Honeywell hosted its first Honeywell Hackathon Challenge on June 9 in
Bengaluru, India in association with HackerEarth, which is a provider of
enterprise software solutions that help organizations in their innovation
management and talent assessment endeavors. The first in a series of similar
events scheduled for this year, The Honeywell Hackathon Challenge was held at
Honeywell Technology Solutions’ office with more than 2,000 participants.
The Honeywell Hackathon
Challenge is designed to stimulate creativity and innovation on technologies
that are defining our increasingly connected world. The first Hackathon ideated
on Chatbots, Augmented
Reality/Virtual Reality, Predictive Analytics, Image Recognition, Machine
Learning, Natural Language Processing, and Real-Time Location Sensing / GPS.
The 169 entries were evaluated based on the innovativeness of the idea, its
relevance as a solution to the problem, and the maturity of technology
employed. Twenty-two shortlisted teams comprising 41 contestants then
participated in the day-long offline Hackathon held at the Honeywell Bengaluru
campus.
The winners were Lezwon
Castellino, Jaison Chacko and Rahul Acharya,
students at Christ University, Bangalore, whose application was a Self-Driving
Artificial Intelligence.

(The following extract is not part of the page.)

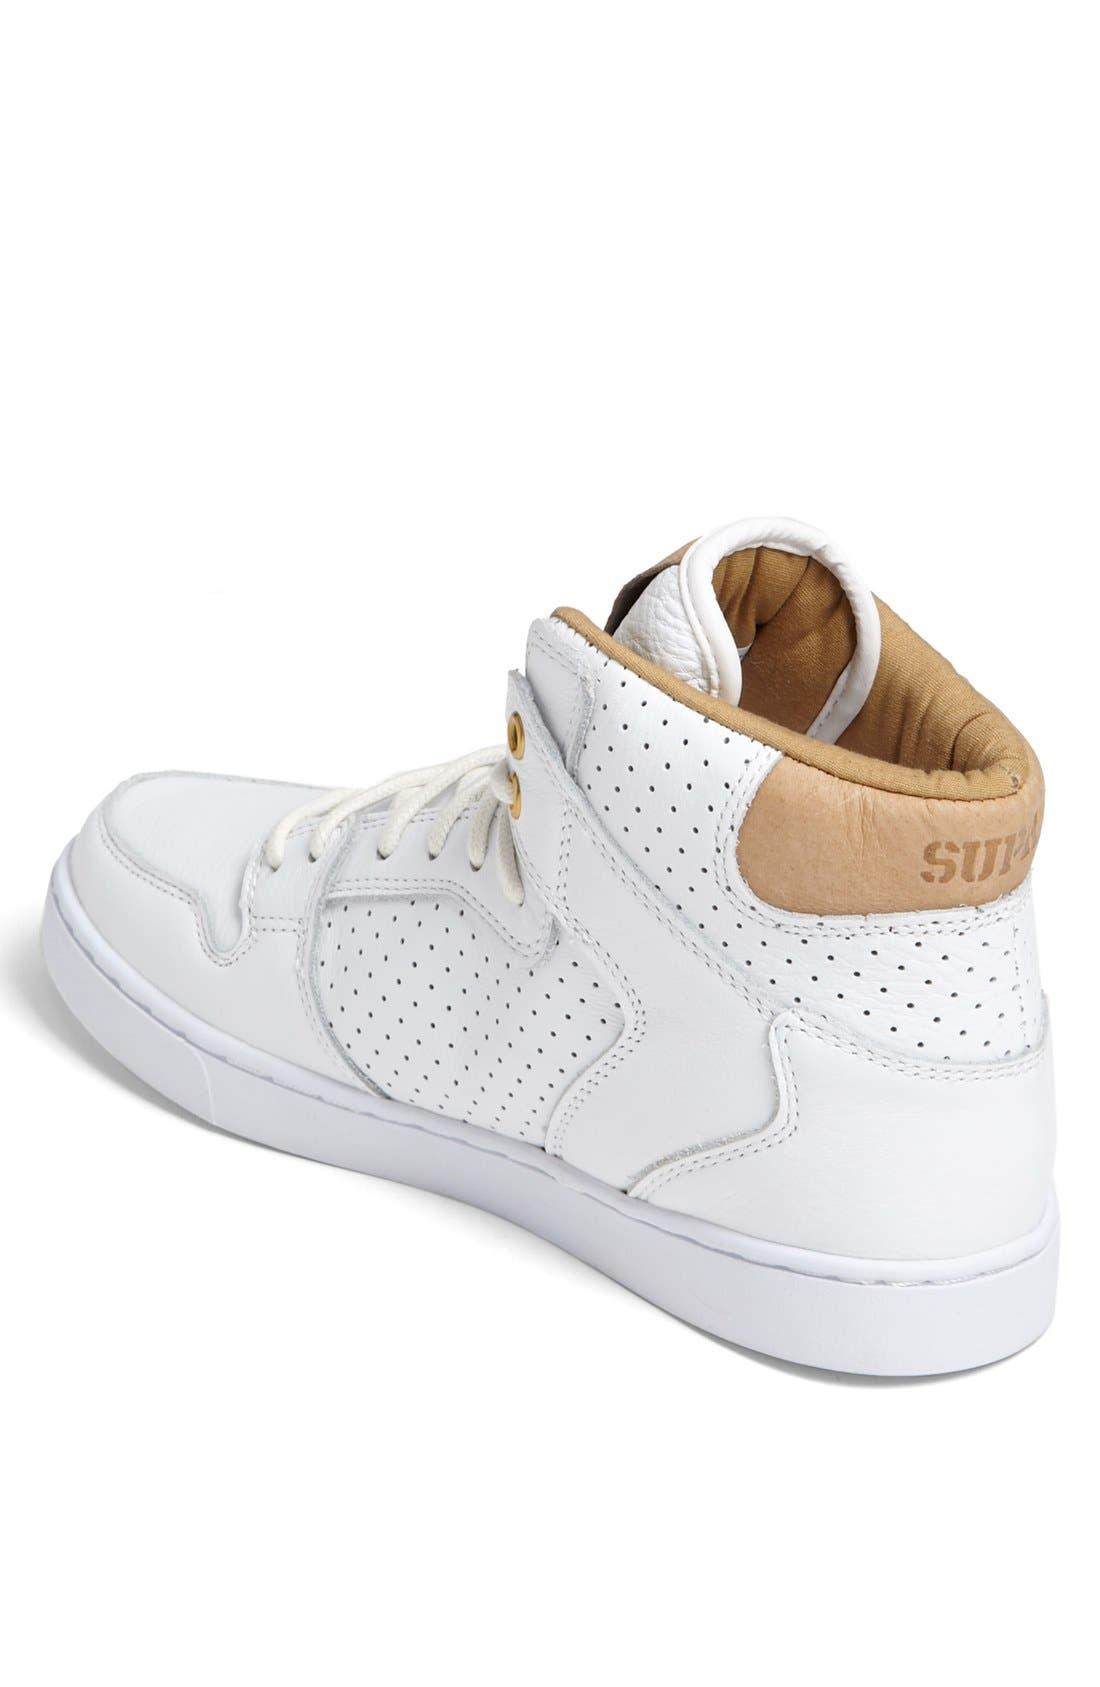 Alternate Image 2  - Supra 'Vaider LX' Sneaker (Men)

Says Lezwon: “We have participated in other Hackathons
before but were truly inspired by the caliber of solutions designed by other
teams at this event. It was great to meet and talk with the engineering and
development teams at Honeywell. We deeply appreciate the steer and mentoring we
got from Honeywell to optimize our solution.”
The Honeywell
Hackathon Challenge saw 1,200 students from the prestigious Indian Institutes
of Technology (IITs), Regional Engineering Colleges, and school children from
across the country submit their ideas. Gaurang Bharti, a
student of Oakridge International School, whose idea made it to the final
shortlist, was among the youngest participants. “Our idea was appraised by
professionals. We received feedback on improving the idea for mass use. This is
a very rare opportunity and a great learning exercise”, said Bharti.
Dr. Akshay Bellare, vice president and general manager of
Honeywell Technology Solutions, India, Honeywell’s technology development and
engineering arm, said: “I’m delighted to see the thirst for learning among such
a young group of technology enthusiasts. As Honeywell transforms into a
software industrial company, with about half of our 23,000 global engineers
working on software, we recognize that digital and physical solutions will
become more and more connected to change the way we live and work. We are
committed to nurturing Indian engineering talent and supporting the tech
community in making it more robust and in-step with the latest technology
trends.”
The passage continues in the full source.